◆ What is needed: Would you repeat the listing exactly, without any of its images?

◆ Given information:
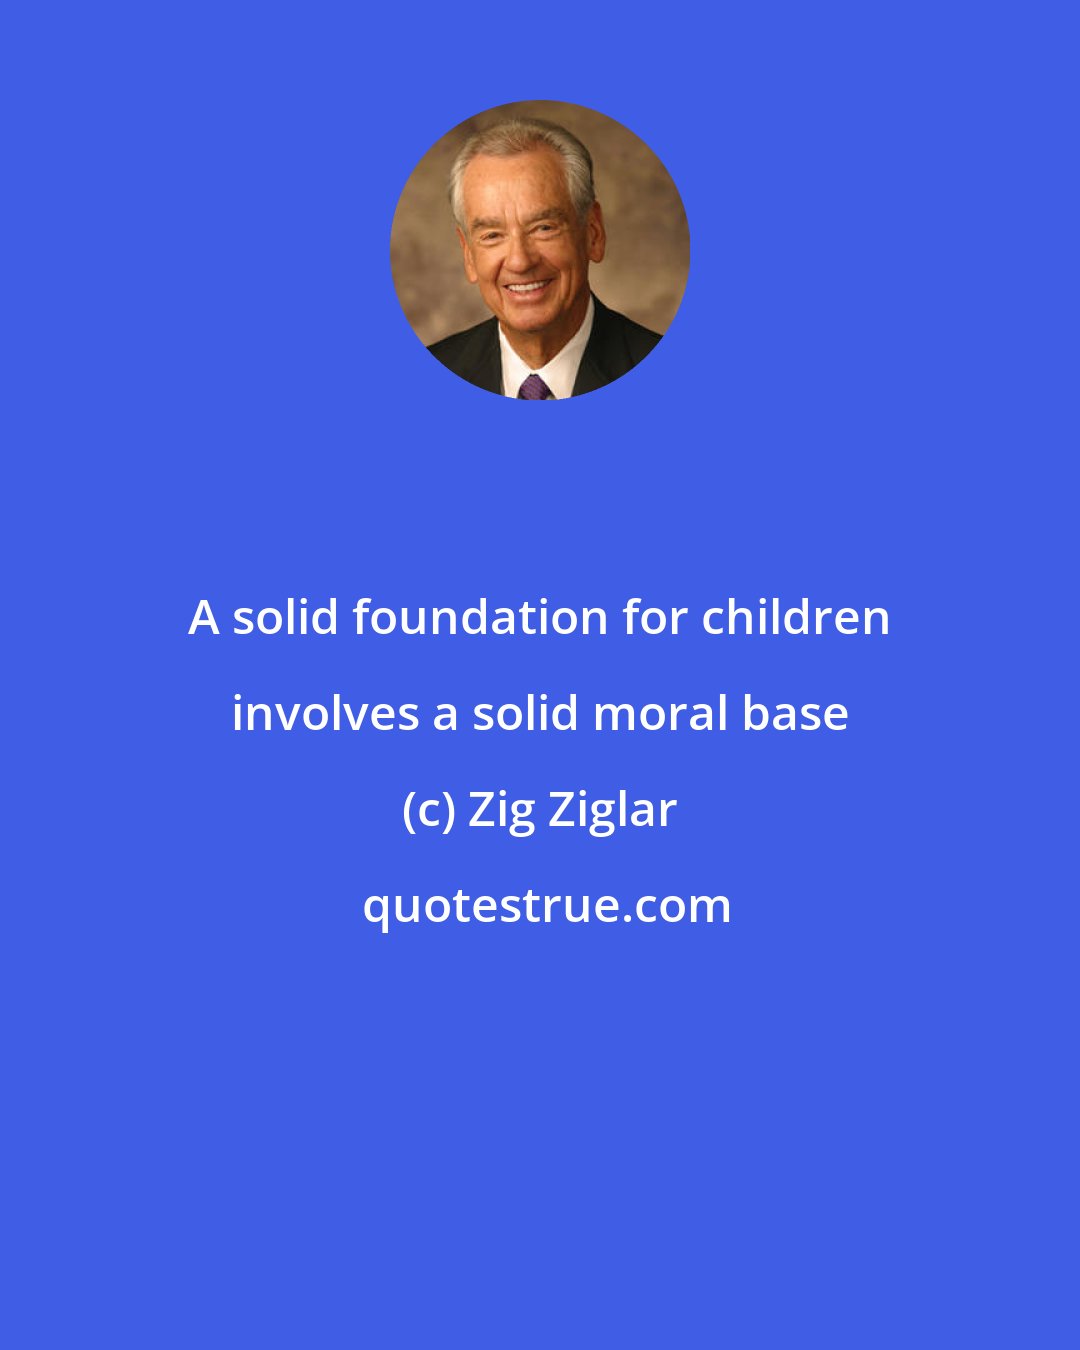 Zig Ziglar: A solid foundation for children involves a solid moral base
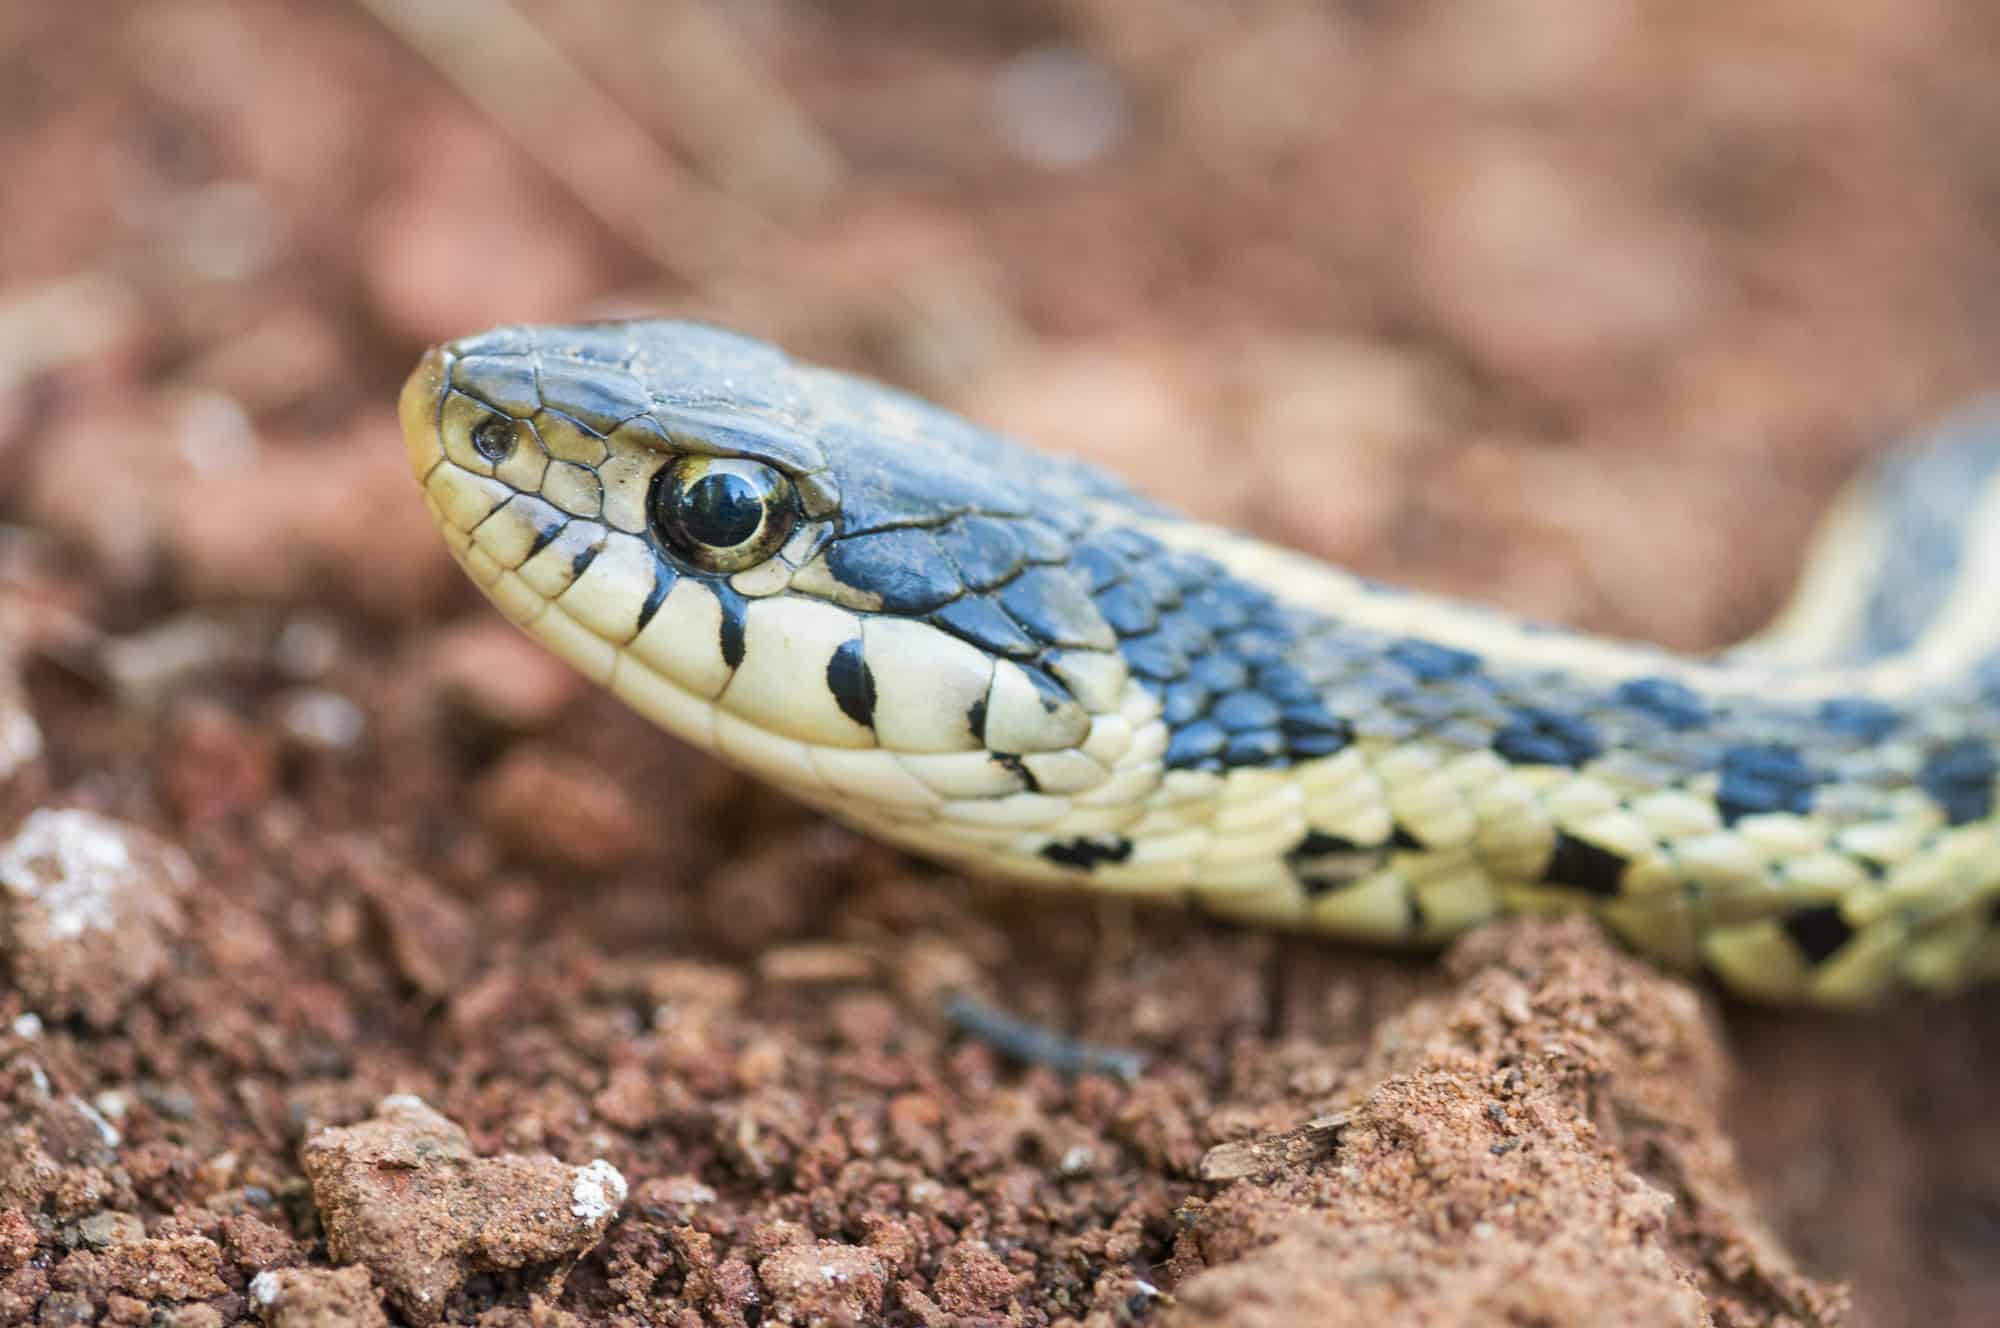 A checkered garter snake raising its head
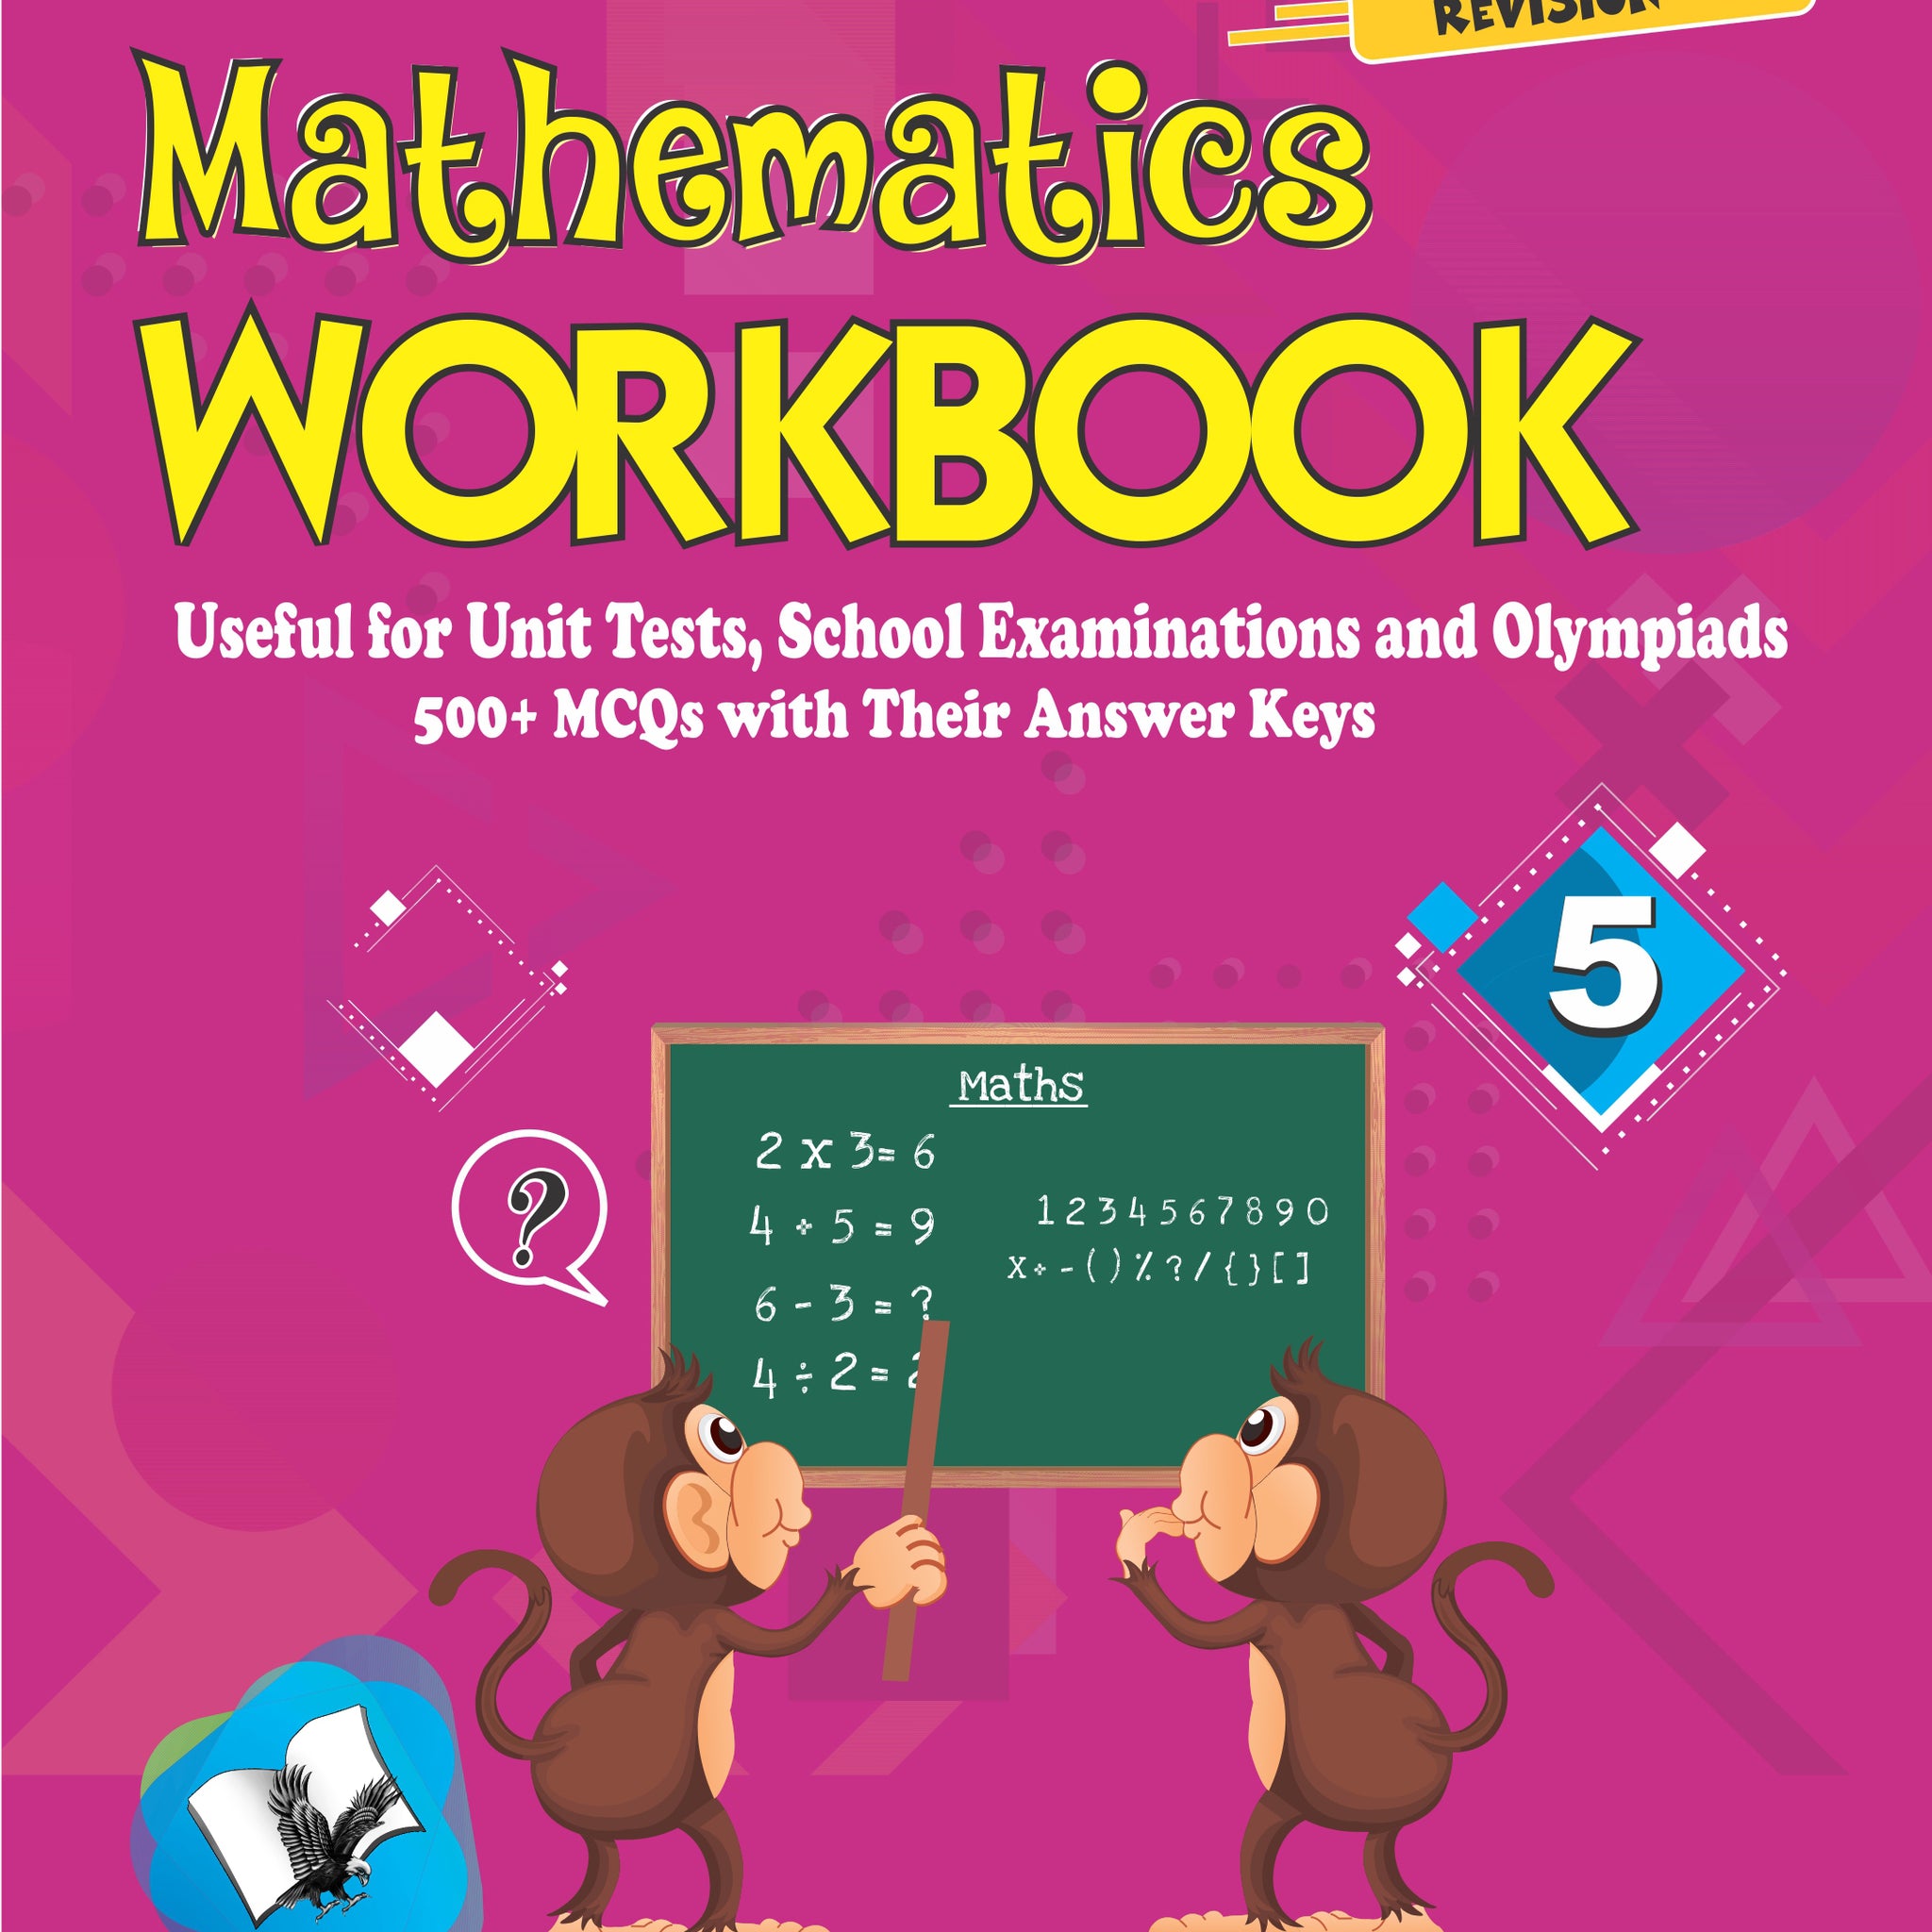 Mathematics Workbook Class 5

◆ Task response:
 Zig Ziglar: A solid foundation for children involves a solid moral base
 A checkered garter snake raising its head
 Mathematics Workbook Class 5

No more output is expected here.